*** Opening Available records ***
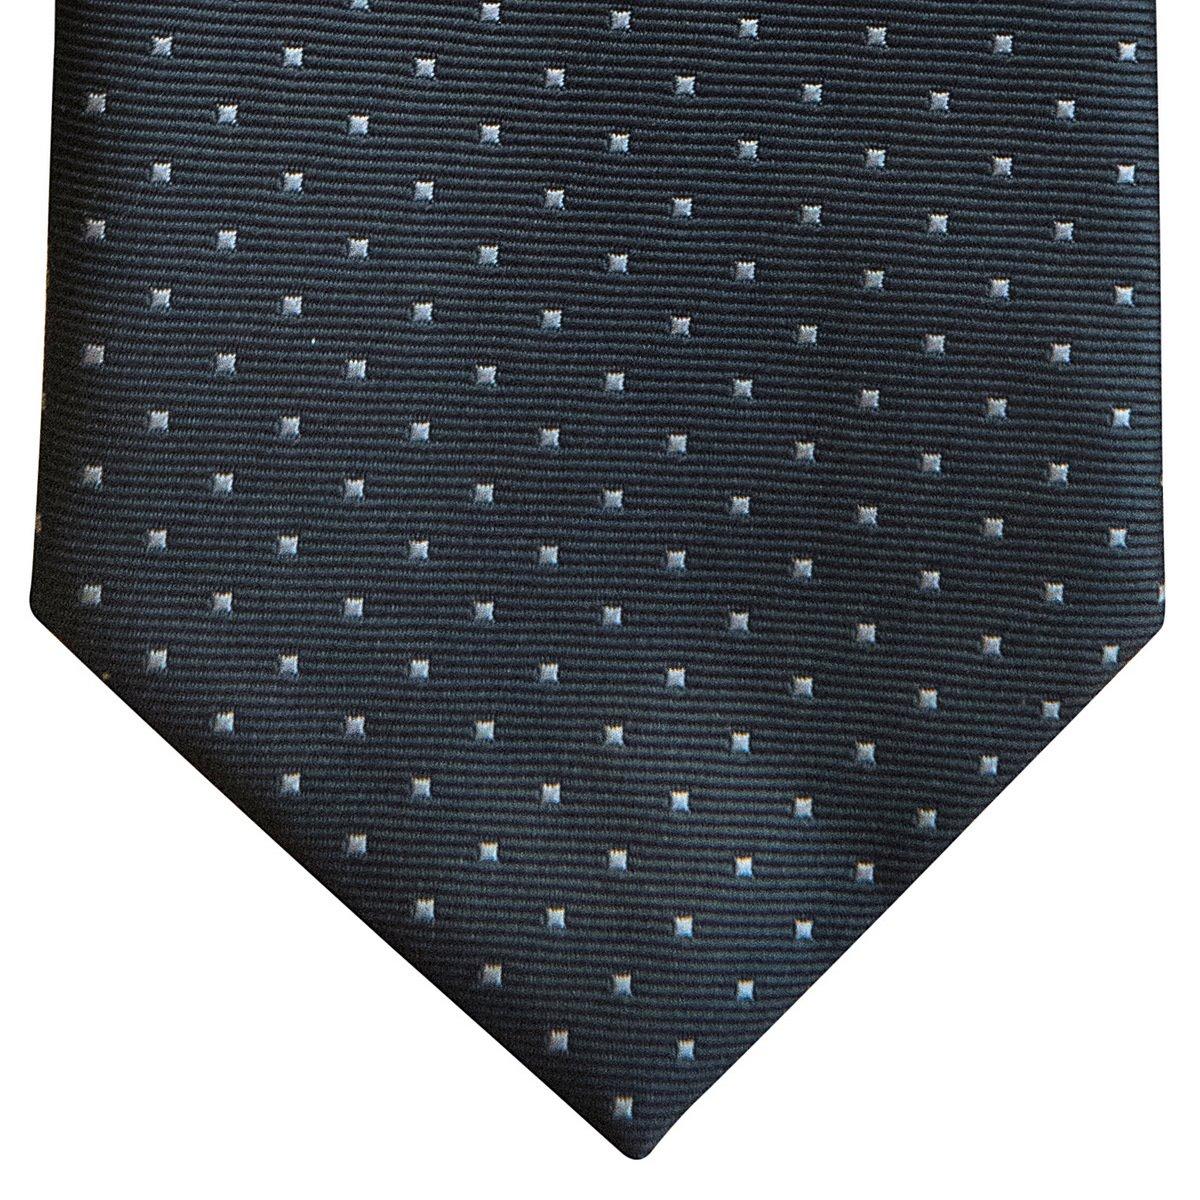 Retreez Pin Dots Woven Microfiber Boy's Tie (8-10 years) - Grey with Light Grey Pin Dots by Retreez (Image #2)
*** Closing Available records ***
*** Opening Available records ***
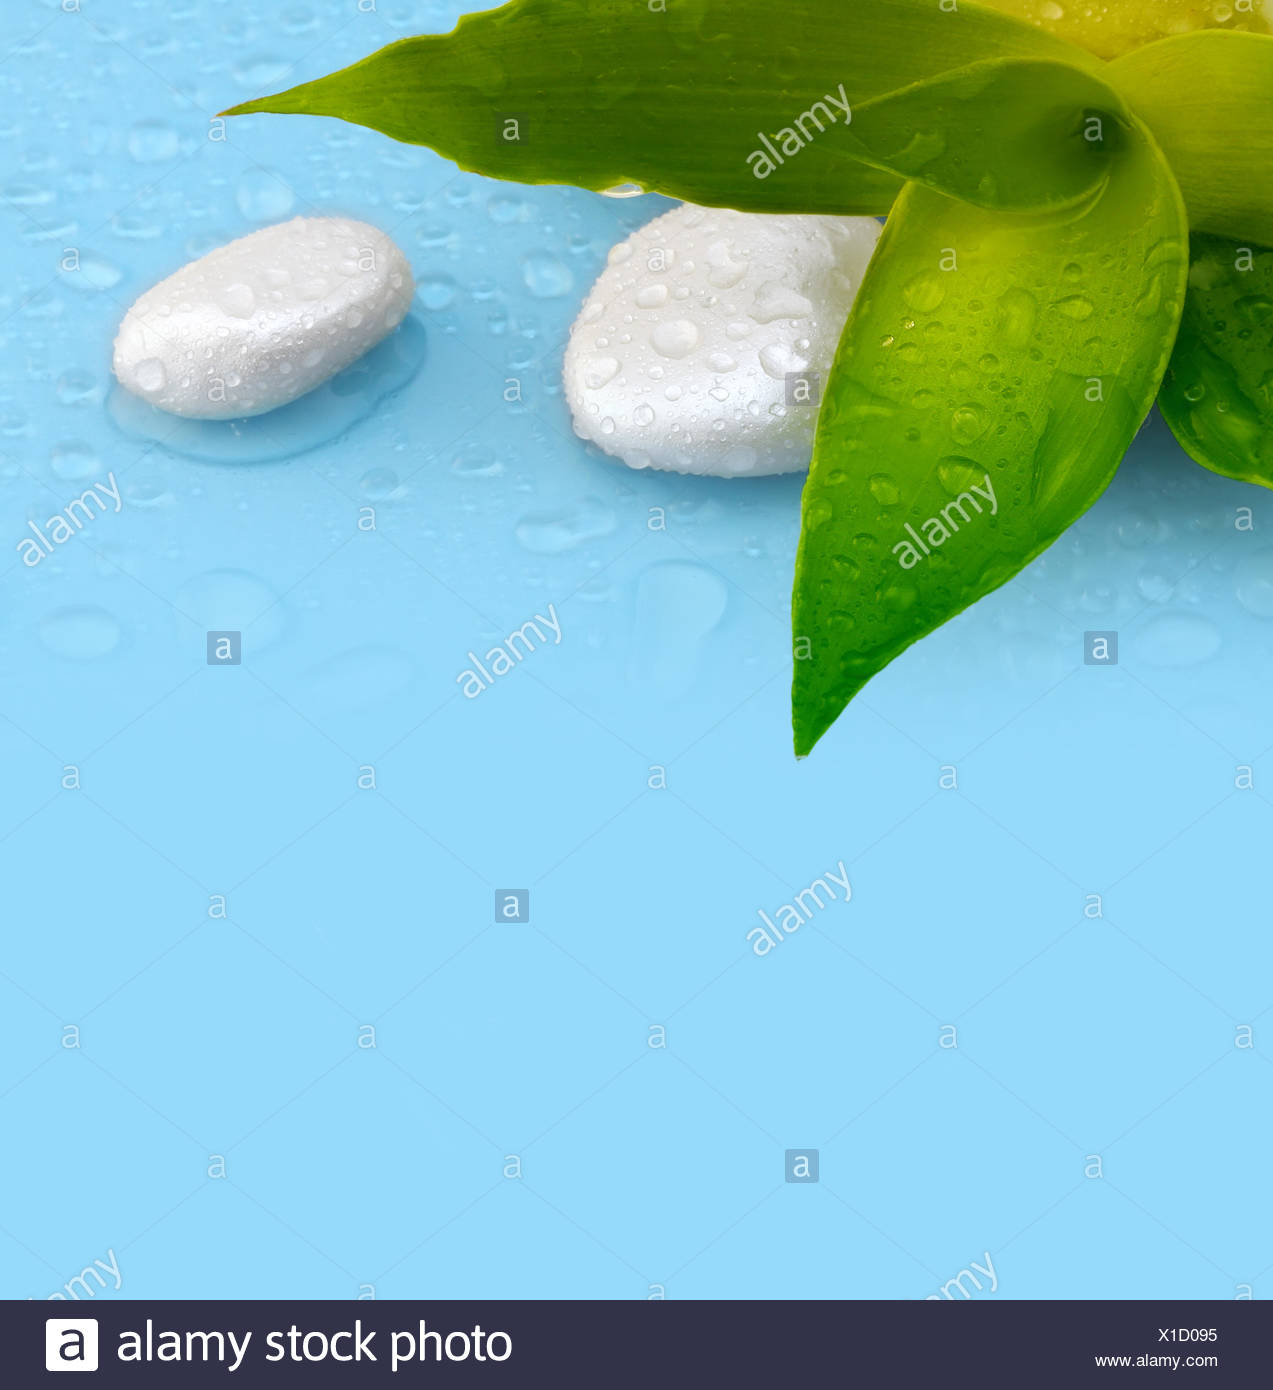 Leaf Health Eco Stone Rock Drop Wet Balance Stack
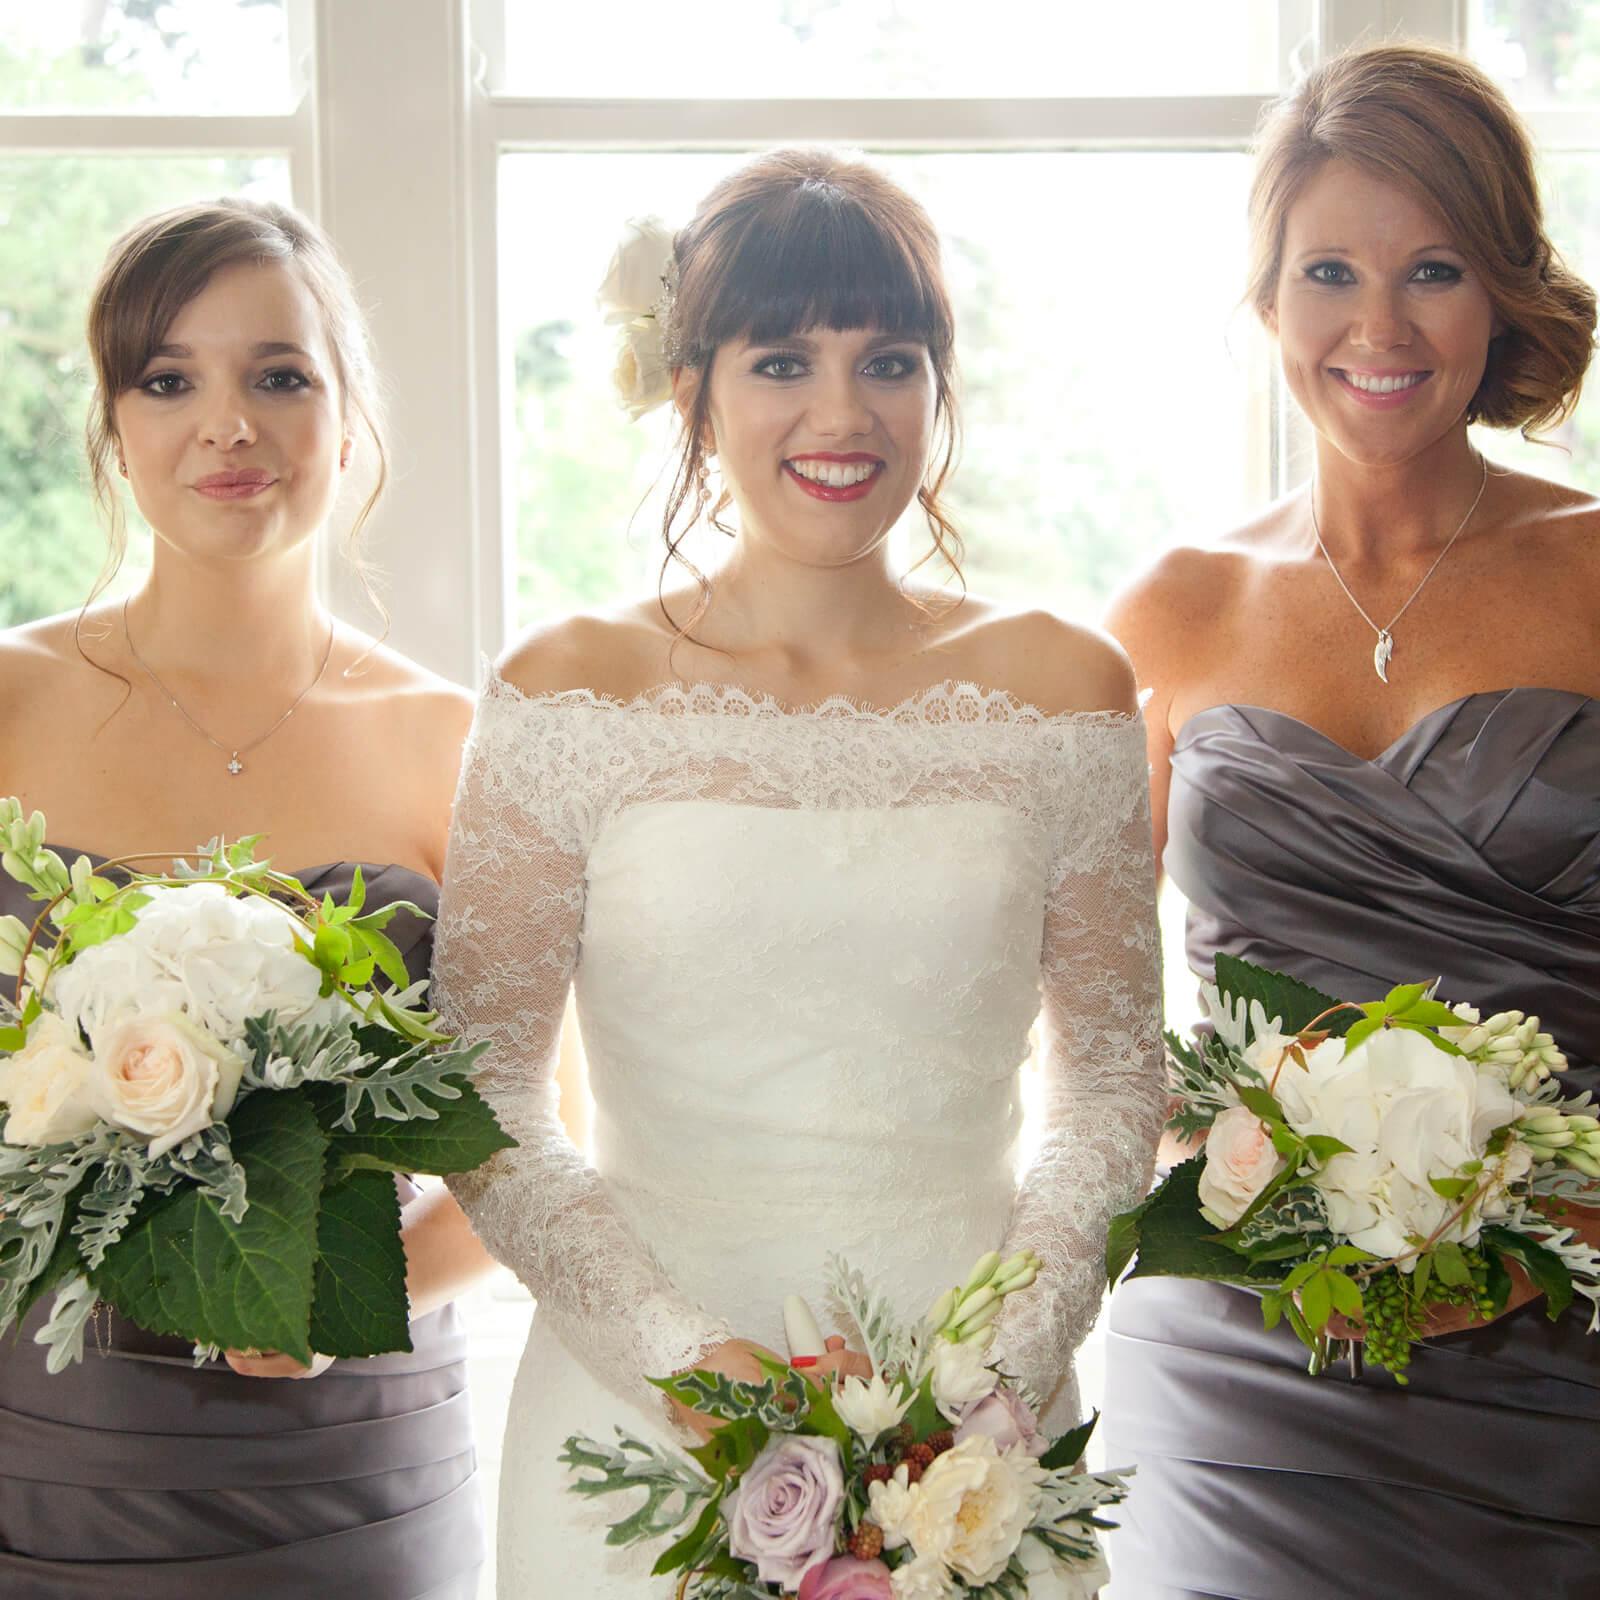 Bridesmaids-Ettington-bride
*** Closing Available records ***
*** Opening Available records ***
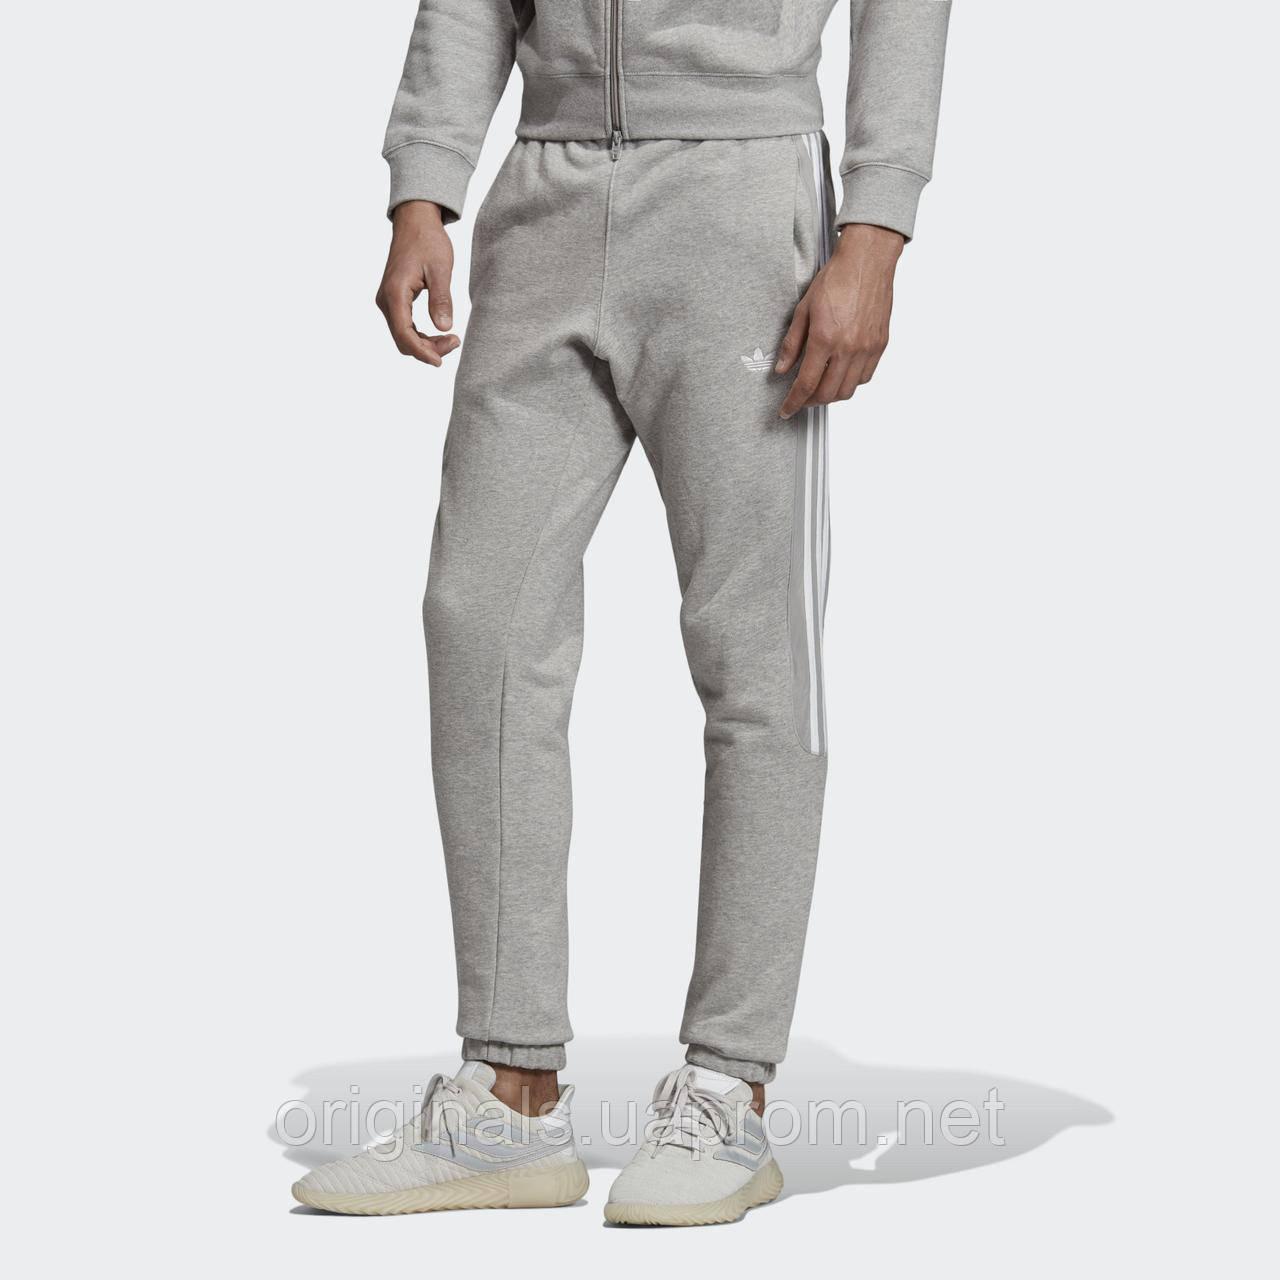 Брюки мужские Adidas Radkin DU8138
*** Closing Available records ***
=== What is required ===
Look above for the line with "Leaf Health Eco" and the line with "Bridesmaids-Ettington-bride". Give again exactly those two lines and all lines between them, pictures excluded.

=== Response to this task ===
 Leaf Health Eco Stone Rock Drop Wet Balance Stack
 Bridesmaids-Ettington-bride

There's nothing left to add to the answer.